__Your goal__.
Reproduce all the entries, matching the original word for word.

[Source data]
- - -
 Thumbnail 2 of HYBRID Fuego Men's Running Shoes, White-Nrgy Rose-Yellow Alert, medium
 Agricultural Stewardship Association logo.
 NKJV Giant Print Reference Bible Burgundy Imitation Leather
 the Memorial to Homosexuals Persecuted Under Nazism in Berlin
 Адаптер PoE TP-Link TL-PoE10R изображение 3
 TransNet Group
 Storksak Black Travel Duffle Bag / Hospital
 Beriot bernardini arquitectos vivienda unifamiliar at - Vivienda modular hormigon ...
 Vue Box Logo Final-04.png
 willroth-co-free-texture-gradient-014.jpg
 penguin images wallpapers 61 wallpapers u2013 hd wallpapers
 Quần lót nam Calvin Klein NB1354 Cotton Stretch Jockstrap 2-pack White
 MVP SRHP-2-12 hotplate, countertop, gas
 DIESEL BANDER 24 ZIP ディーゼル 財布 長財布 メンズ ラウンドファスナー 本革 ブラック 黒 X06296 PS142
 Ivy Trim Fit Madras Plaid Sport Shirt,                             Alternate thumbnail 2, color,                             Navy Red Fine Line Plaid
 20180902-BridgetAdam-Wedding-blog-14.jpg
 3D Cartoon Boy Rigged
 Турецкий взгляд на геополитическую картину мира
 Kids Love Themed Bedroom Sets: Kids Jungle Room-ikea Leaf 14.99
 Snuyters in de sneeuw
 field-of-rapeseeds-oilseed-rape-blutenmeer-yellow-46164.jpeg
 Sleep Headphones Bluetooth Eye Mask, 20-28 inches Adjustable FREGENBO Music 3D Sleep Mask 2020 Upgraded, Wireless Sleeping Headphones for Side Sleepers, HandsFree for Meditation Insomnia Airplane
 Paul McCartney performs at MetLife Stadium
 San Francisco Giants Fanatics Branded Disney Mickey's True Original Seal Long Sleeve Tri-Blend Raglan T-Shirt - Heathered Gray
- - -
__Completed exercise__.
 Thumbnail 2 of HYBRID Fuego Men's Running Shoes, White-Nrgy Rose-Yellow Alert, medium
 Agricultural Stewardship Association logo.
 NKJV Giant Print Reference Bible Burgundy Imitation Leather
 the Memorial to Homosexuals Persecuted Under Nazism in Berlin
 Адаптер PoE TP-Link TL-PoE10R изображение 3
 TransNet Group
 Storksak Black Travel Duffle Bag / Hospital
 Beriot bernardini arquitectos vivienda unifamiliar at - Vivienda modular hormigon ...
 Vue Box Logo Final-04.png
 willroth-co-free-texture-gradient-014.jpg
 penguin images wallpapers 61 wallpapers u2013 hd wallpapers
 Quần lót nam Calvin Klein NB1354 Cotton Stretch Jockstrap 2-pack White
 MVP SRHP-2-12 hotplate, countertop, gas
 DIESEL BANDER 24 ZIP ディーゼル 財布 長財布 メンズ ラウンドファスナー 本革 ブラック 黒 X06296 PS142
 Ivy Trim Fit Madras Plaid Sport Shirt,                             Alternate thumbnail 2, color,                             Navy Red Fine Line Plaid
 20180902-BridgetAdam-Wedding-blog-14.jpg
 3D Cartoon Boy Rigged
 Турецкий взгляд на геополитическую картину мира
 Kids Love Themed Bedroom Sets: Kids Jungle Room-ikea Leaf 14.99
 Snuyters in de sneeuw
 field-of-rapeseeds-oilseed-rape-blutenmeer-yellow-46164.jpeg
 Sleep Headphones Bluetooth Eye Mask, 20-28 inches Adjustable FREGENBO Music 3D Sleep Mask 2020 Upgraded, Wireless Sleeping Headphones for Side Sleepers, HandsFree for Meditation Insomnia Airplane
 Paul McCartney performs at MetLife Stadium
 San Francisco Giants Fanatics Branded Disney Mickey's True Original Seal Long Sleeve Tri-Blend Raglan T-Shirt - Heathered Gray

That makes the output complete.